> **GIVEN INFORMATION**
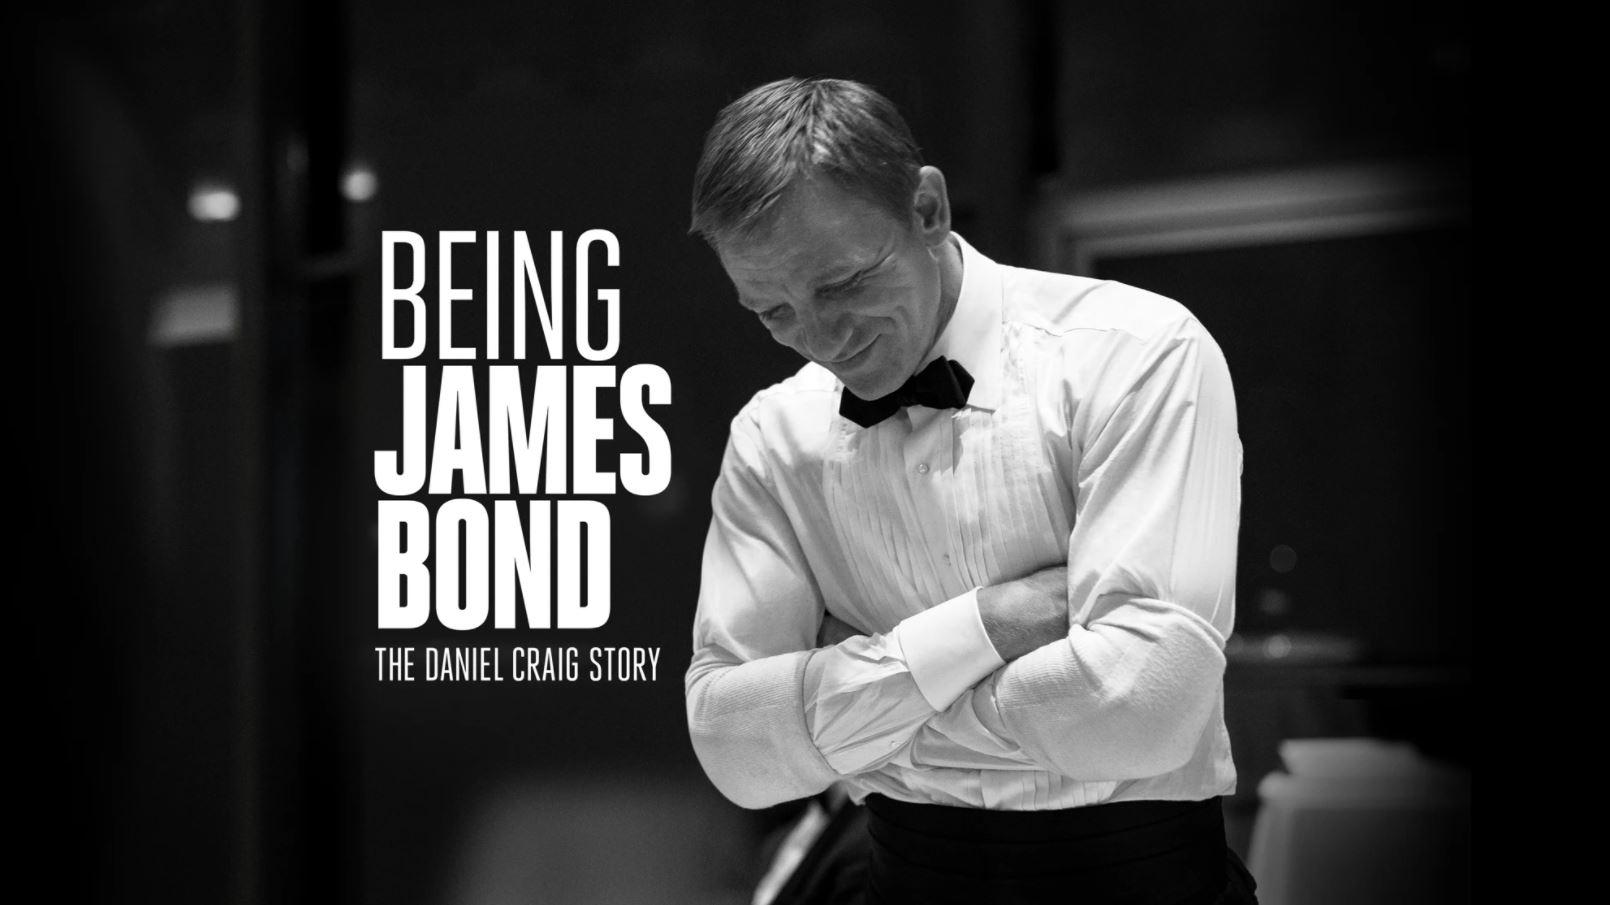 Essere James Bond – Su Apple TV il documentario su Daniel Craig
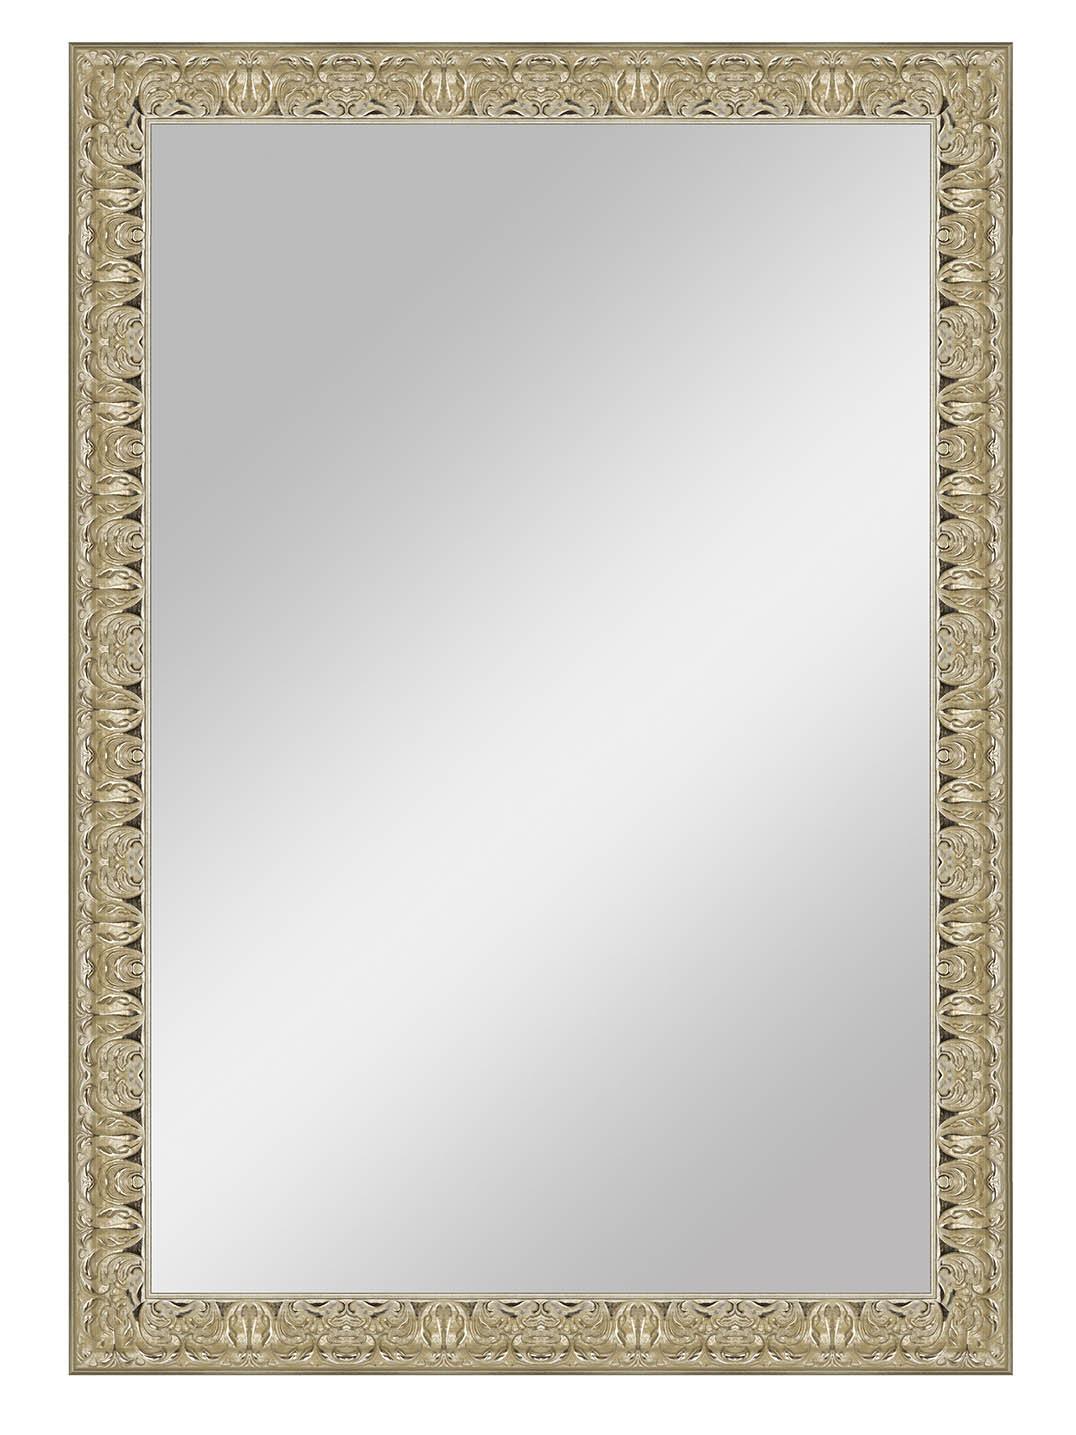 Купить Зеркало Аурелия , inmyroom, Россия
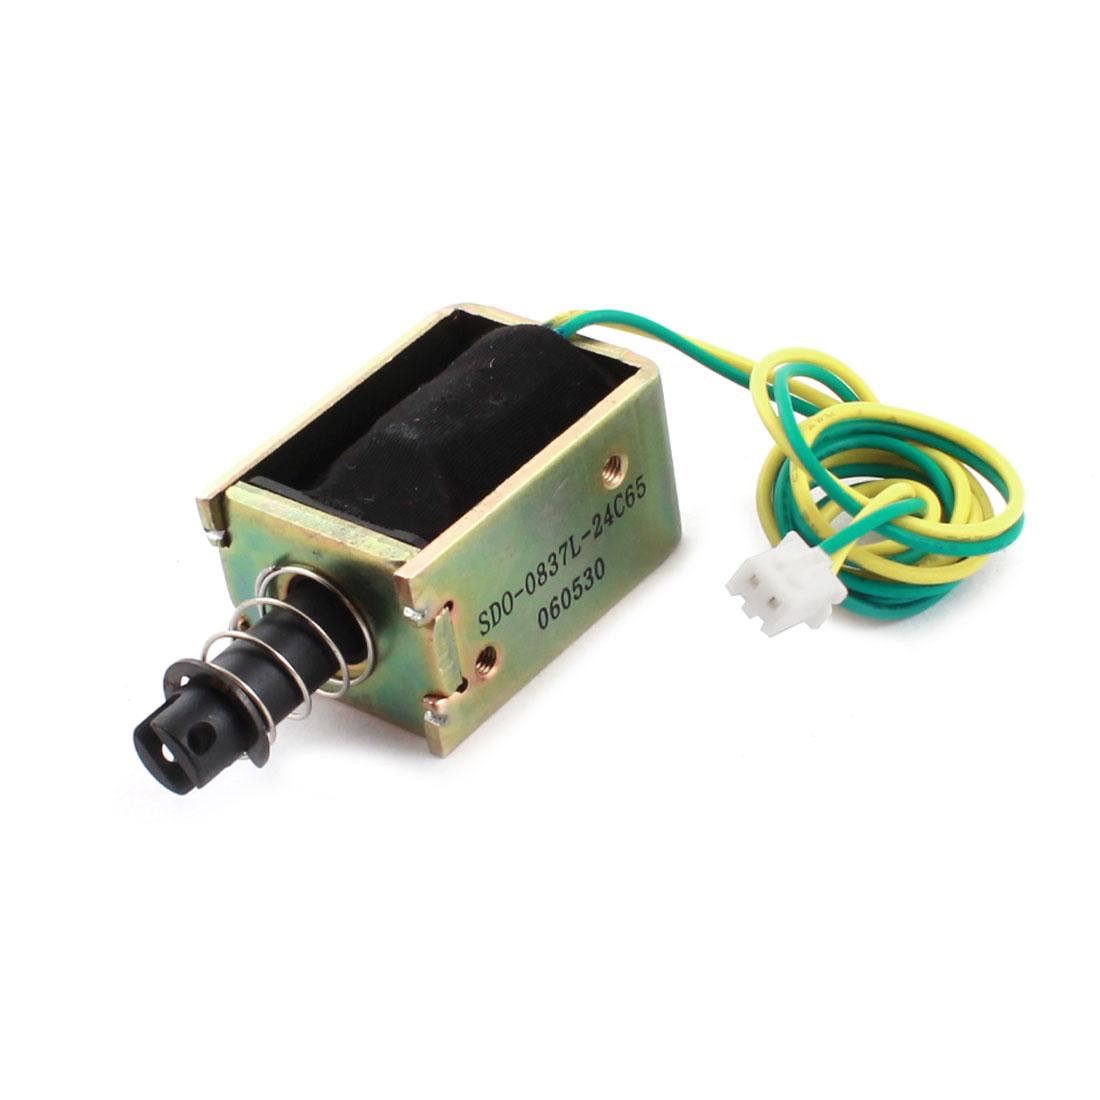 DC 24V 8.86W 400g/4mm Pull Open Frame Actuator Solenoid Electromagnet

> **TASK ITEM**
Pictures aside, give the data again exactly as it appears.

> **YOUR SOLUTION**
 Essere James Bond – Su Apple TV il documentario su Daniel Craig
 Купить Зеркало Аурелия , inmyroom, Россия
 DC 24V 8.86W 400g/4mm Pull Open Frame Actuator Solenoid Electromagnet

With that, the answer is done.